Domesticated horse population structure, selection, and mtDNA geographic patterns

Open access Detecting the Population Structure and Scanning for Signatures of Selection in Horses (Equus caballus) From Whole-Genome Sequencing Data, by Zhang et al, Evolutionary Bioinformatics (2018) 14:1–9.

Abstract (emphasis mine):

Animal domestication gives rise to gradual changes at the genomic level through selection in populations. Selective sweeps have been traced in the genomes of many animal species, including humans, cattle, and dogs. However, little is known regarding positional candidate genes and genomic regions that exhibit signatures of selection in domestic horses. In addition, an understanding of the genetic processes underlying horse domestication, especially the origin of Chinese native populations, is still lacking. In our study, we generated whole genome sequences from 4 Chinese native horses and combined them with 48 publicly available full genome sequences, from which 15 341 213 high-quality unique single-nucleotide polymorphism variants were identified.

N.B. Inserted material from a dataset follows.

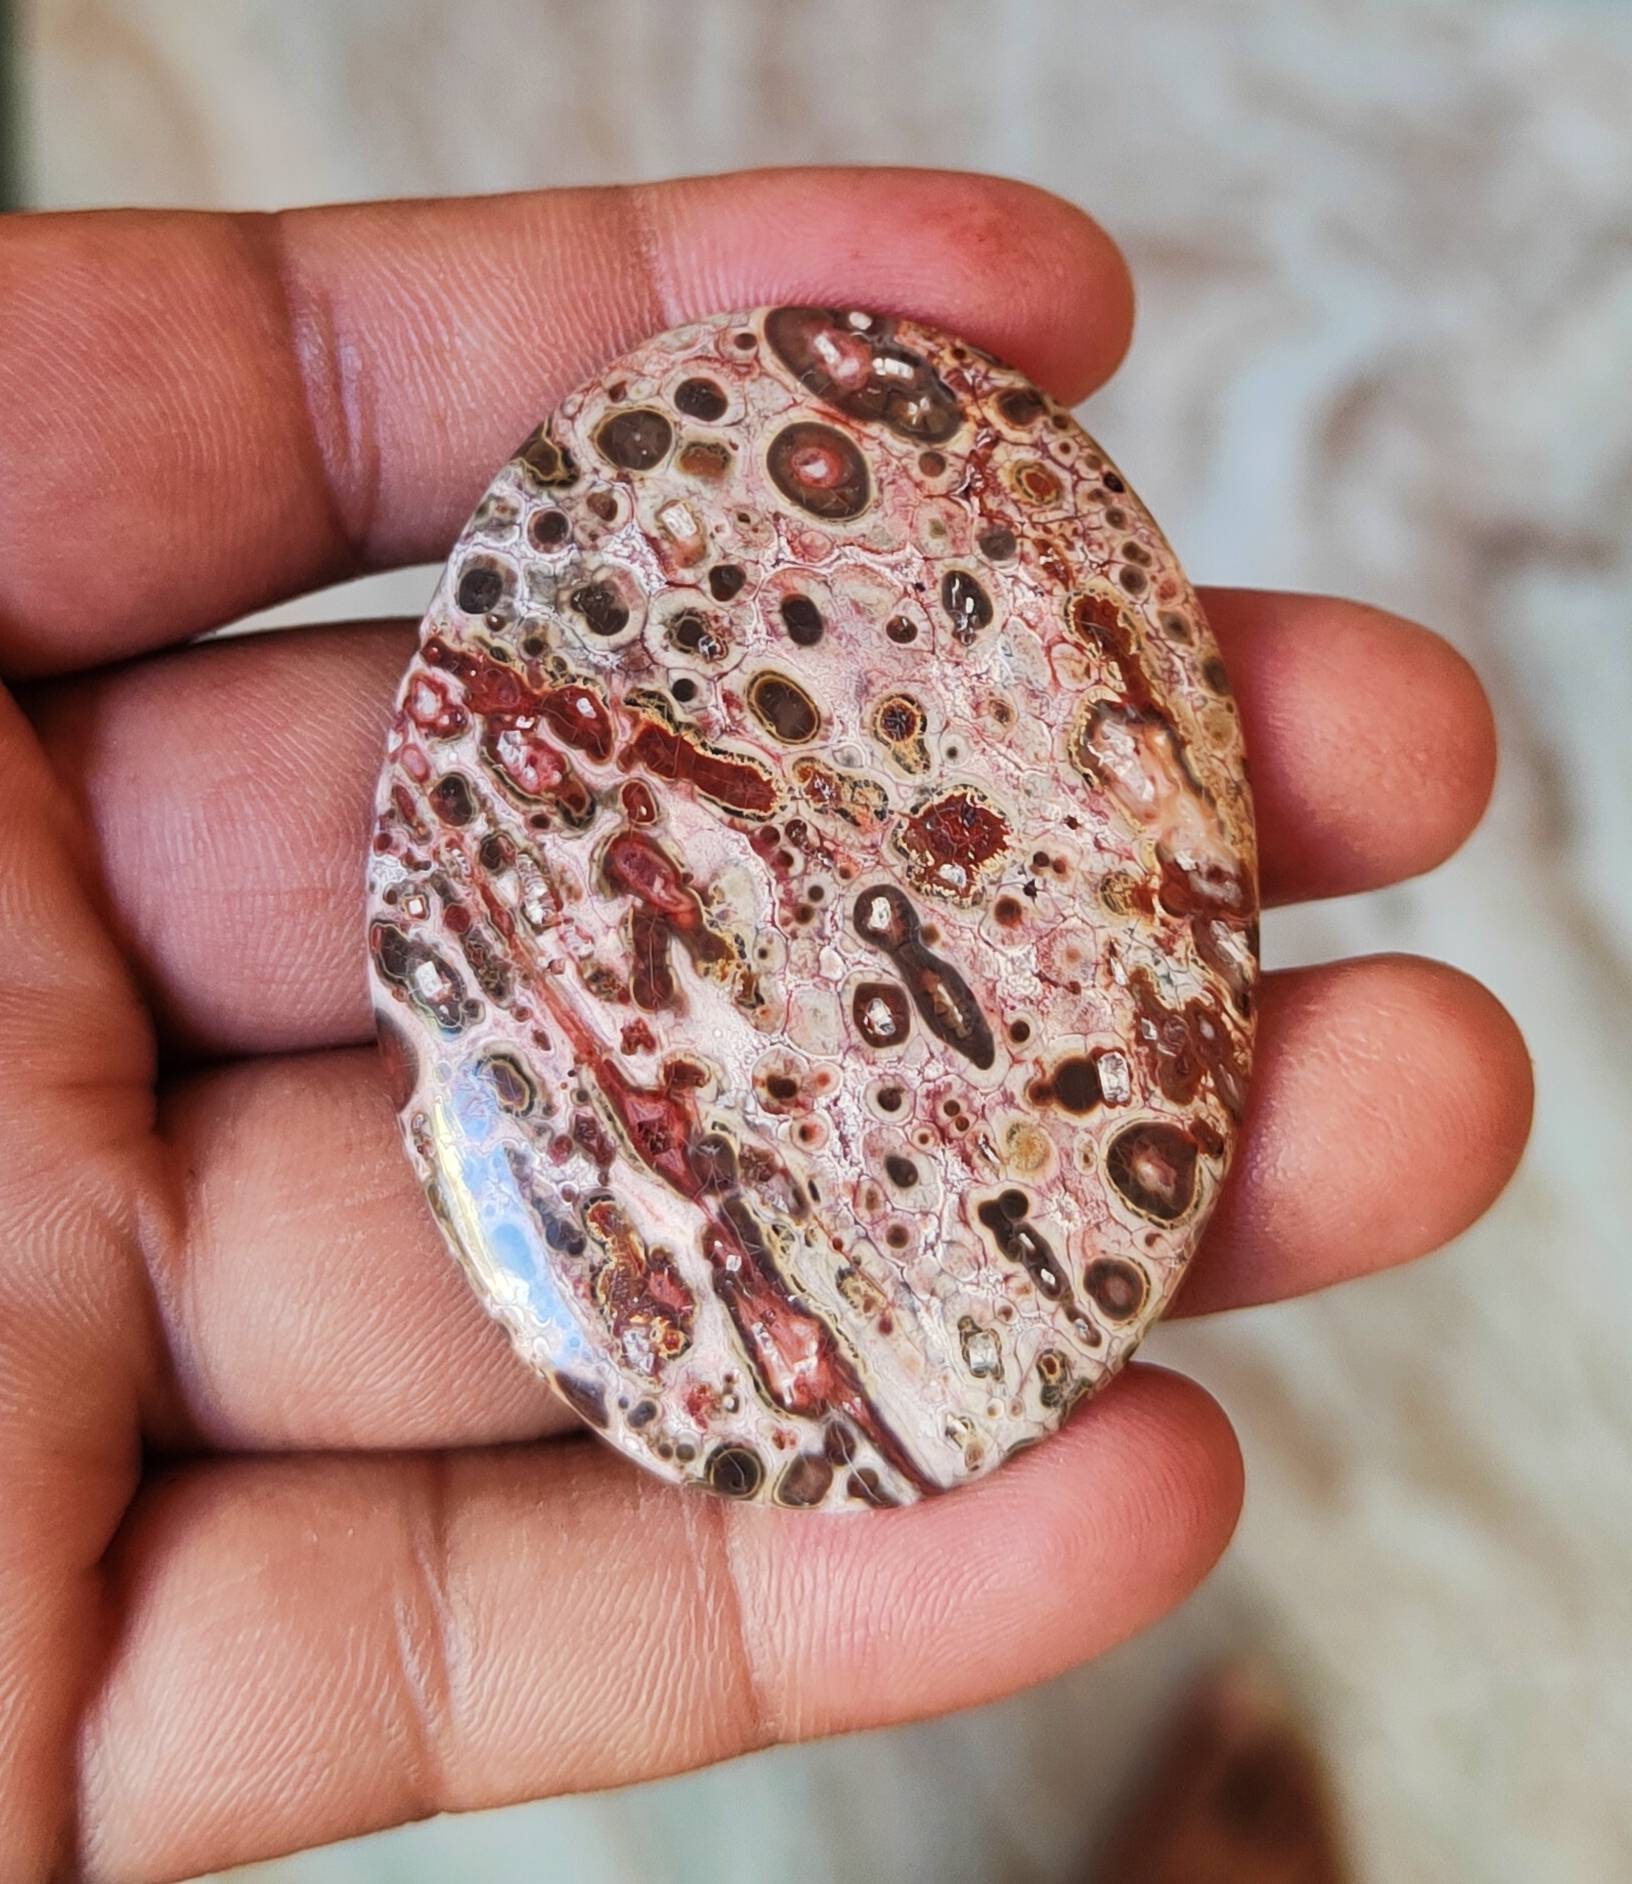 Only One Available Brown and Orange Jasper Cab 40x30mm Natural Leopard Skin Jasper Cabochon Large Oval One Of A Kind As Seen In Image

Kazakh and Lichuan horses are 2 typical Asian native breeds that were formed in Kazakh or Northwest China and South China, respectively. We detected 1390 loss-of-function (LoF) variants in protein-coding genes, and gene ontology (GO) enrichment analysis revealed that some LoF-affected genes were overrepresented in GO terms related to the immune response. Bayesian clustering, distance analysis, and principal component analysis demonstrated that the population structure of these breeds largely reflected weak geographic patterns. Kazakh and Lichuan horses were assigned to the same lineage with other Asian native breeds, in agreement with previous studies on the genetic origin of Chinese domestic horses. We applied the composite likelihood ratio method to scan for genomic regions showing signals of recent selection in the horse genome. A total of 1052 genomic windows of 10 kB, corresponding to 933 distinct core regions, significantly exceeded neutral simulations. The GO enrichment analysis revealed that the genes under selective sweeps were overrepresented with GO terms, including “negative regulation of canonical Wnt signaling pathway,” “muscle contraction,” and “axon guidance.” Frequent exercise training in domestic horses may have resulted in changes in the expression of genes related to metabolism, muscle structure, and the nervous system.

horse-admixture
Bayesian clustering output for 5 K values from K = 2 to K = 8 in 45 domestic horses. Each individual is represented by a vertical line, which is partitioned into colored segments that represent the proportion of the inferred K clusters.

Interesting excerpts:

Admixture proportions were assessed without user-defined population information to infer the presence of distinct populations among the samples (Figure 2). At K = 3 or K = 4, Franches-Montagnes and Arabian forms one unique cluster; at K = 5, Jeju pony forms one unique cluster. For other breeds, comparatively strong population structure exists among breeds, and they can be assigned to 2 (or 3) alternate clusters from K = 3 to K = 5 including group A (Duelmener, Fjord, Icelandic, Kazakh, Lichuan, and Mongolian) and group B (Hanoverian, Morgan, Quarter, Sorraia, and Standardbred). For group A, geographically this was unexpected, where Nordic breeds (Norwegian Fjord, Icelandic, and Duelmener) clustered with Asian breeds including the Mongolian. Previous results of mitochondrial DNA have revealed links between the Mongolian horse and breeds in Iceland, Scandinavia, Central Europe, and the British Isles. The Mongol horses are believed to have been originally imported from Russia subsequently became the basis for the Norwegian Fjord horse.31 At K = 6, Sorraia forms one unique cluster. The Sorraia horse has no long history as a domestic breed but is considered to be of a nearly ancestral type in the southern part of the Iberian Peninsula.32 However, our result did not support Sorraia as an independent ancestral type based on result from K = 2 to K = 5, and the unique cluster in K = 6 may be explained by the small population size and recently inbreeding programs. Genetic admixture of Morgan reveals that these breeds are currently or traditionally continually crossed with other breeds from K = 2 to K = 8. The Morgan horse has been a largely closed breed for 200 years or more but there has been some unreported crossbreeding in recent times.33

horse-pca
Principal component analysis results of all 48 horses. The x-axis denotes the value of PC1, whereas the y-axis denotes the value of PC2. Each dot in the figure represents one individual.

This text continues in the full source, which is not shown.